Since 2005, the protected area is considered a Lion Conservation Unit. In 2010, it was estimated that only 250 giraffes were in the park. A population of 37 Rothschild’s giraffes was transferred from the north side of the Nile River to the south side in 2016 and 2017, when population was around 1,500.

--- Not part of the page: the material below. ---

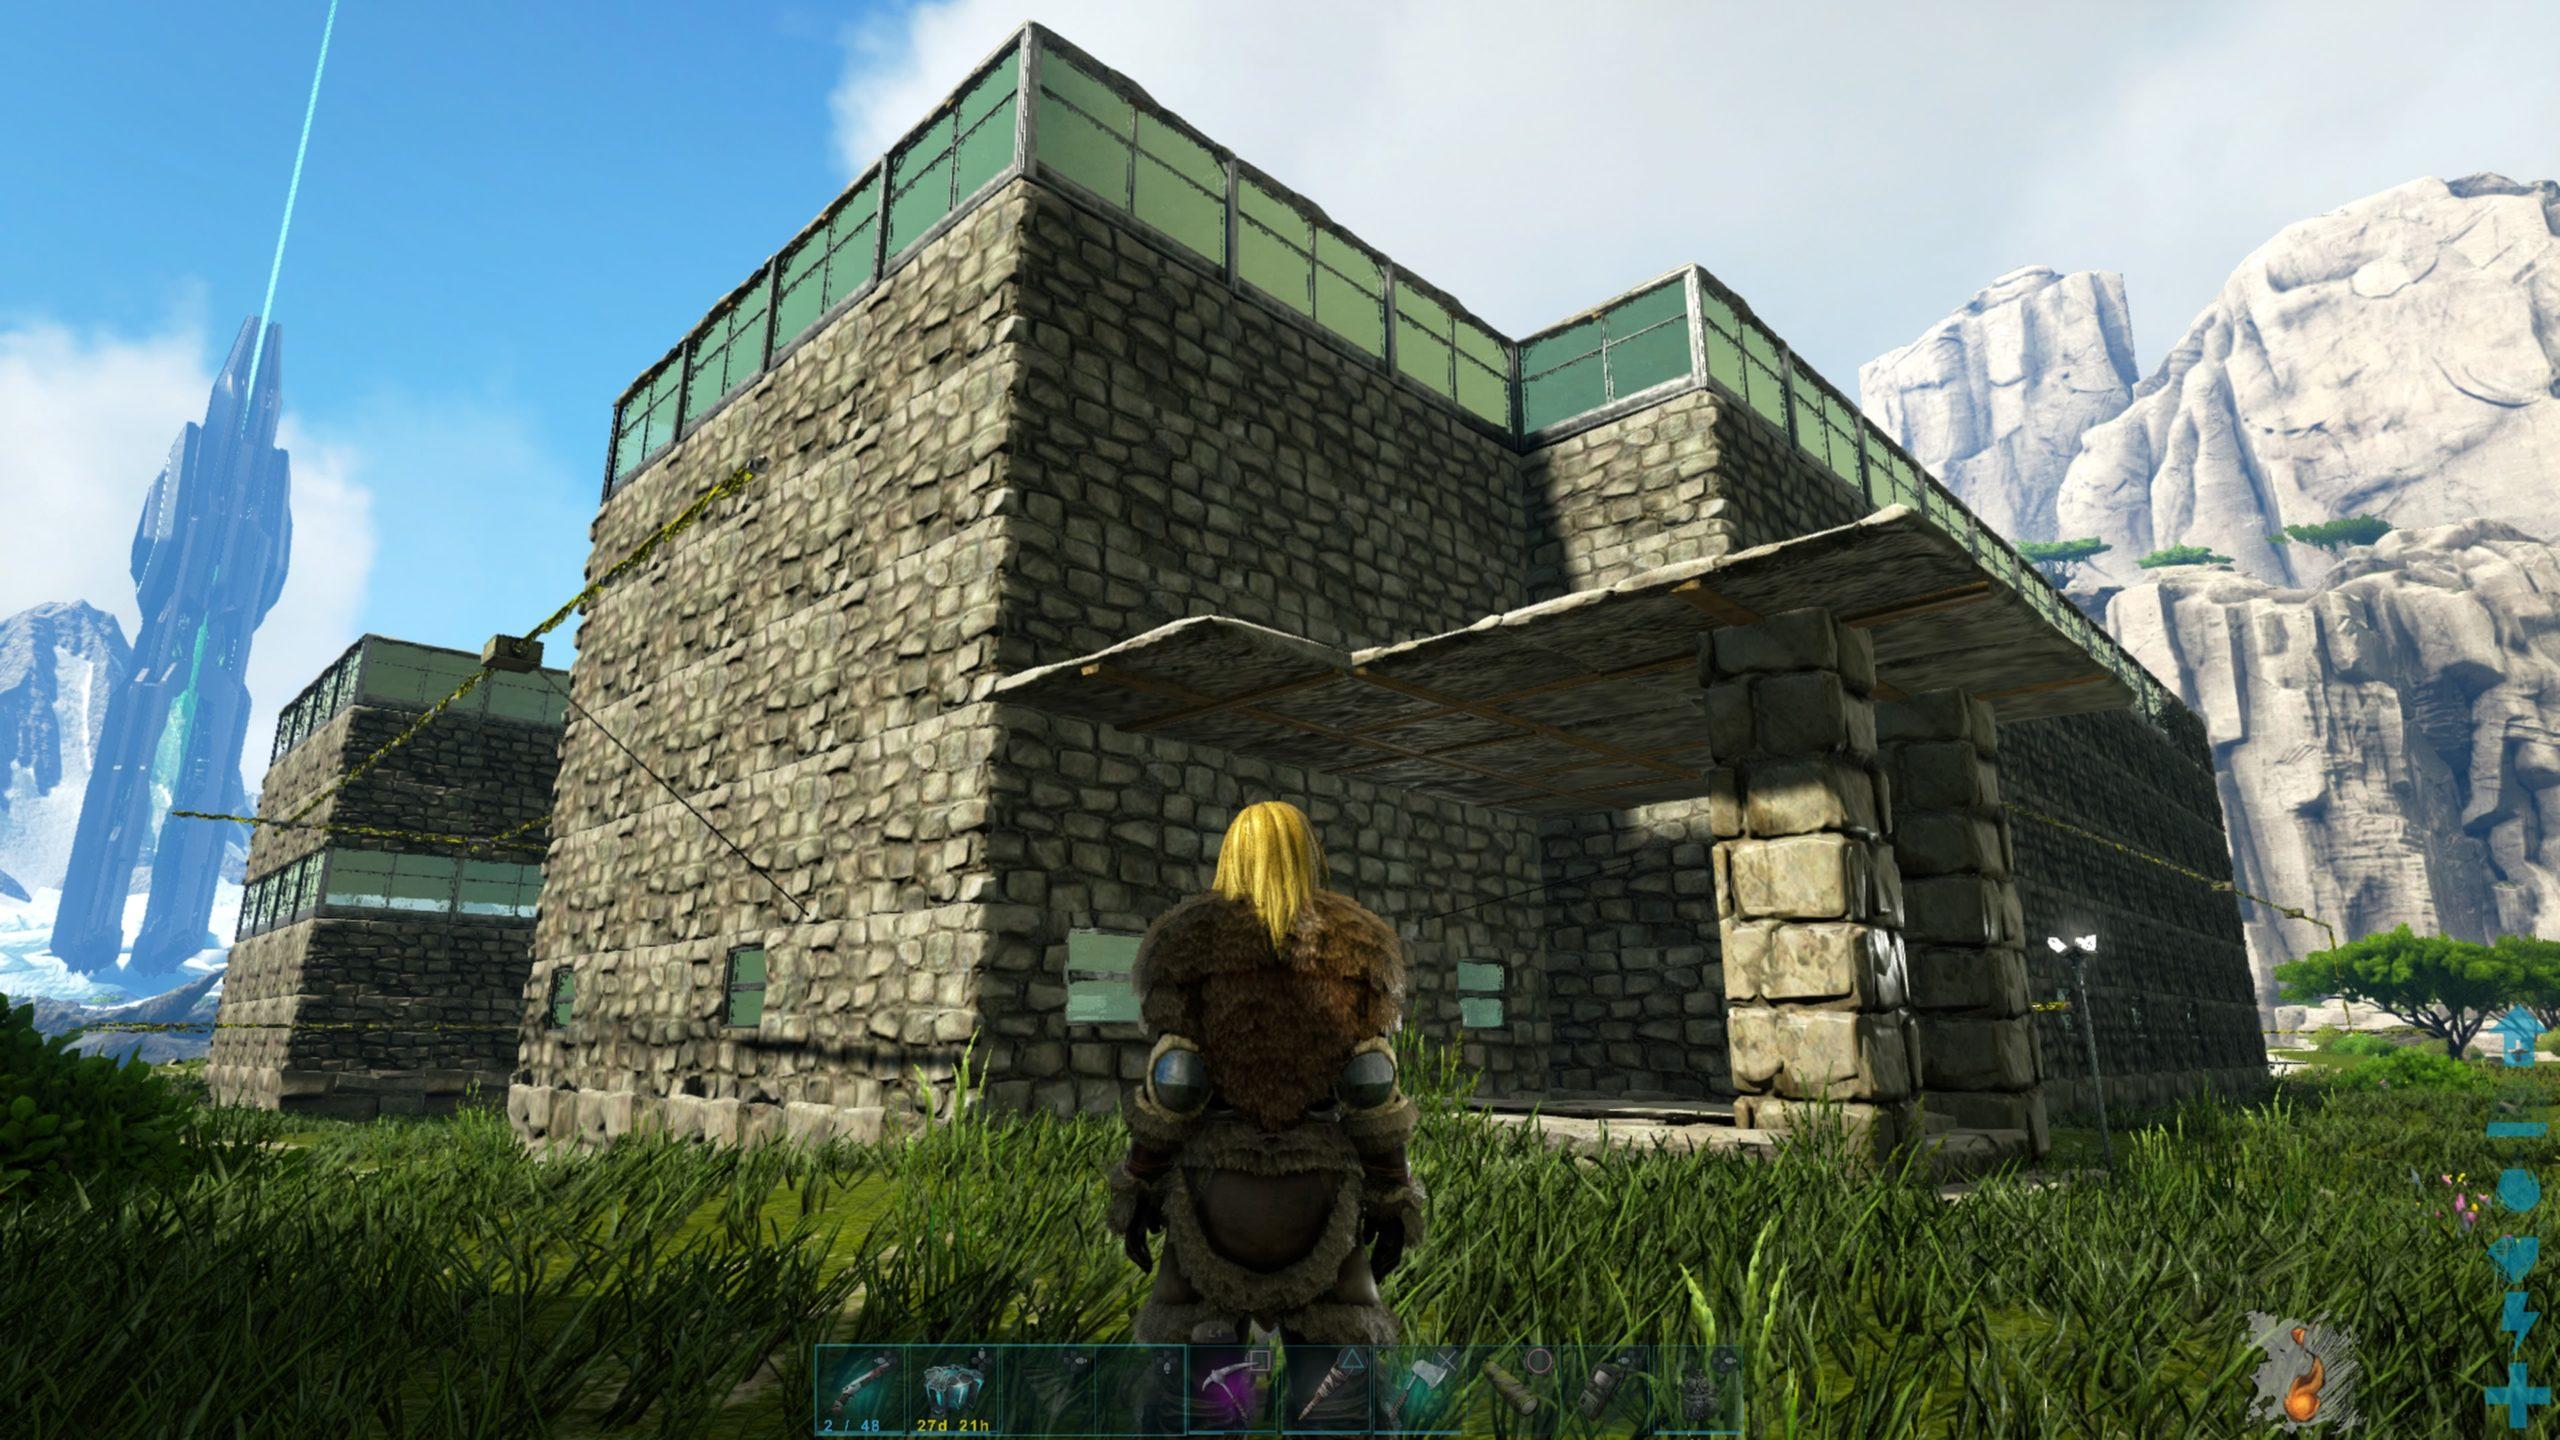 Ark バルゲロ 拠点 ARK【PS4】バルゲロ拠点完成!素材集めのおすすめスポットを紹介

Murchison Falls National Park is Uganda’s most popular national park, receiving the highest annual number of visitors of any park in the country. Popular visitor activities include game drives, night drives, boat cruises to the delta and Murchison Falls waterfall, nature walks, bird watching and chimp tracking. Tourists visiting Murchison Falls National Park make a 5 hours 40 minutes drive from Kampala to reach the park. The park is also connected by daily domestic flights from Entebbe International Airport, to Kidepo Valley National Park and Queen Elizabeth National Park, which land at Pakuba Airstrip and Bugungu Airstrip. The park offers a range of tented camps and safari lodges to accommodate visitors.
HOW TO GET TO THE PARK?
Murchison Falls National Park is located 305km/190mi north of Kampala. The drive to the southern entrance gate takes 4 to 5 hours. Coming from the southwest, the 280km/170mi drive from Fort Portal takes at least 6 hours. Allow another hour or 2 from the entrance gate to most of the lodges.
It is also possible to fly to the park by chartered or scheduled aircraft service from Entebbe International Airport (EBB) or Kajjansi Airfield near Kampala. Pakuba Airfield is the most convenient point of arrival for the main cluster of camps and lodges around the park headquarters at Paraa. Other options are Chobe or Bugundu.
When flying from abroad, you’ll arrive at Entebbe International Airport (EBB). It is located 46km/29mi from the capital (Kampala). Your local tour operator will usually arrange for you to be picked up at the airport and will take care of all further transportation as part of your safari package.